2002/03 1275.0 400.0 65.0 136.0 ... 216.0 94.0 52.0 23.0
2003/04 1711.0 579.0 67.0 174.0 ... 273.0 151.0 52.0 24.0
2004/05 2035.0 547.0 107.0 287.0 ... 364.0 174.0 36.0 32.0
2005/06 2564.0 583.0 96.0 341.0 ... 554.0 258.0 72.0 20.0
Let us plot:
data2.plot()
plt.show()
We get:
We can observe from the graph, that Total column is huge and overrides everything. We should git rid of it in order to make the graph clearer:
# Drop the total column and plot
data2_minus_total = data2.drop('Total', axis = 1)
We used drop()
function. It drops entries from a table.
Now we plot the graph, dropping the Total column:
data2_minus_total.plot()
plt.show()
We get:
What if we want to compare age groups? How children compare to adults?
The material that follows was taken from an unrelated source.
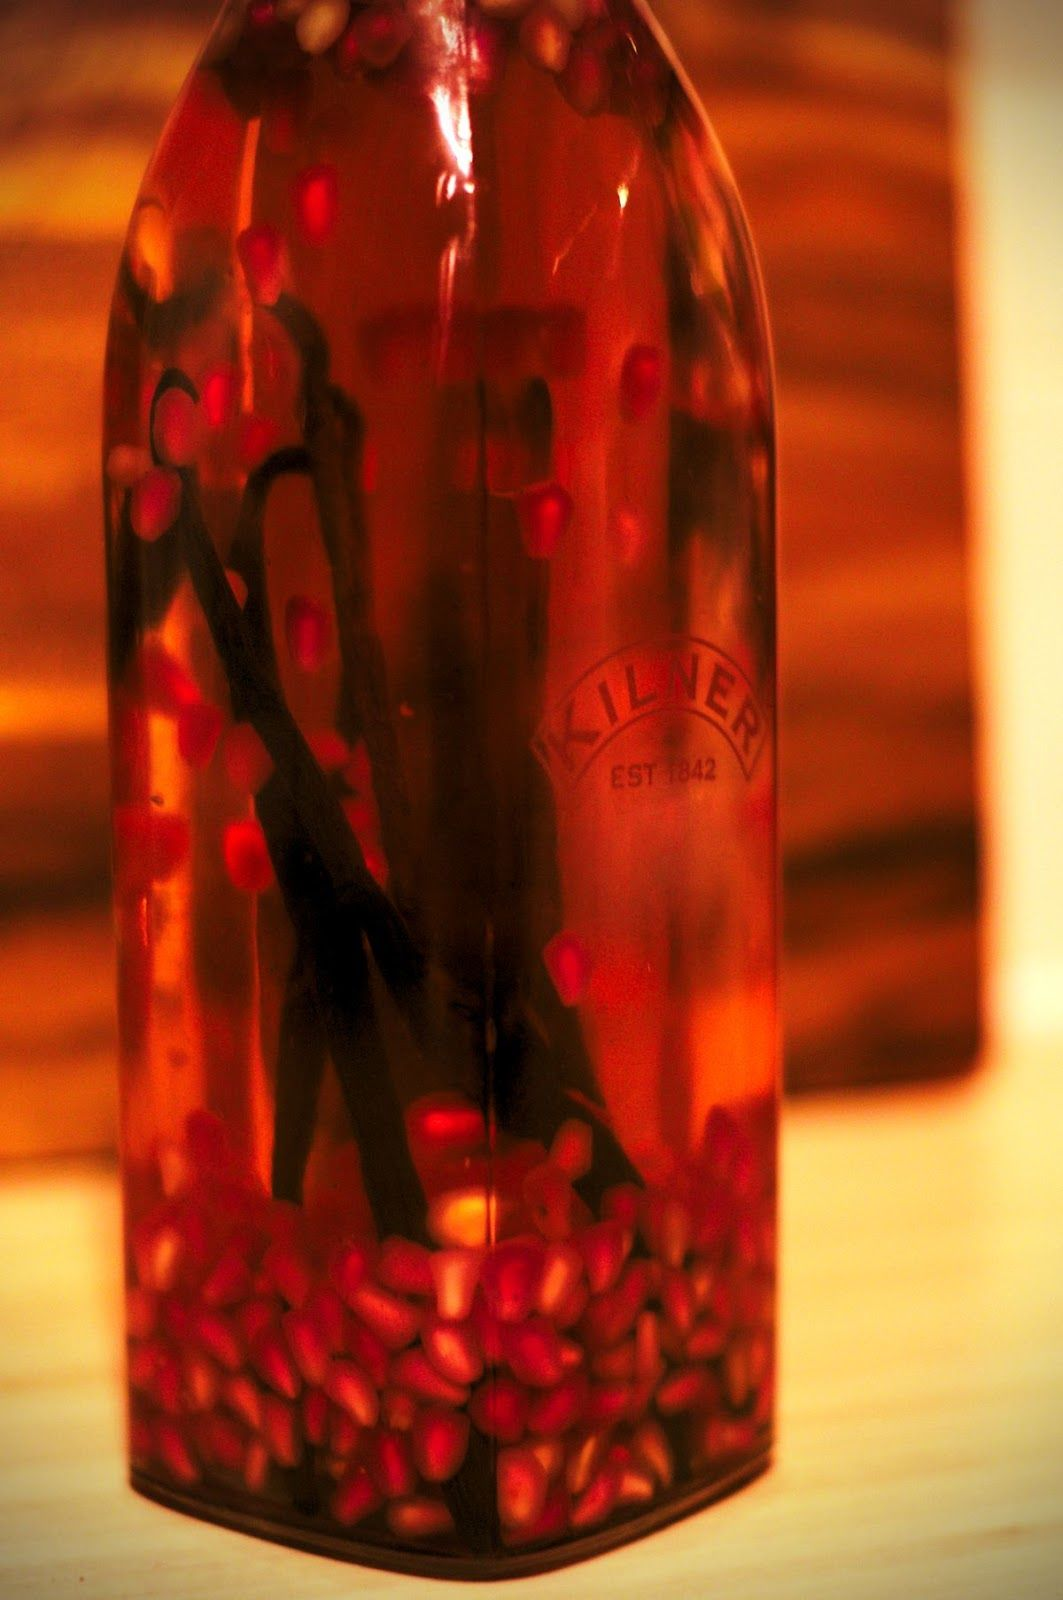 Pomegranate and vanilla vodka http://lavender-kitchen.blogspot.co.uk/2012/12/pomegranate-vanilla-vodka.html?m=1

In pandas, we can review any column by using data[column_name]
. We can plot any age group this way:
data2['Under 16'].plot(label = "Under 16")
data2['25-34'].plot(label = "25-34")
plt.show()
We get:
We see that while children’s obesity has gone down, that for adults has jumped.
When you finish writing your python file, please push it to your personal git repository.
Congratulations, we have learnt how to use Pandas library in Python programming.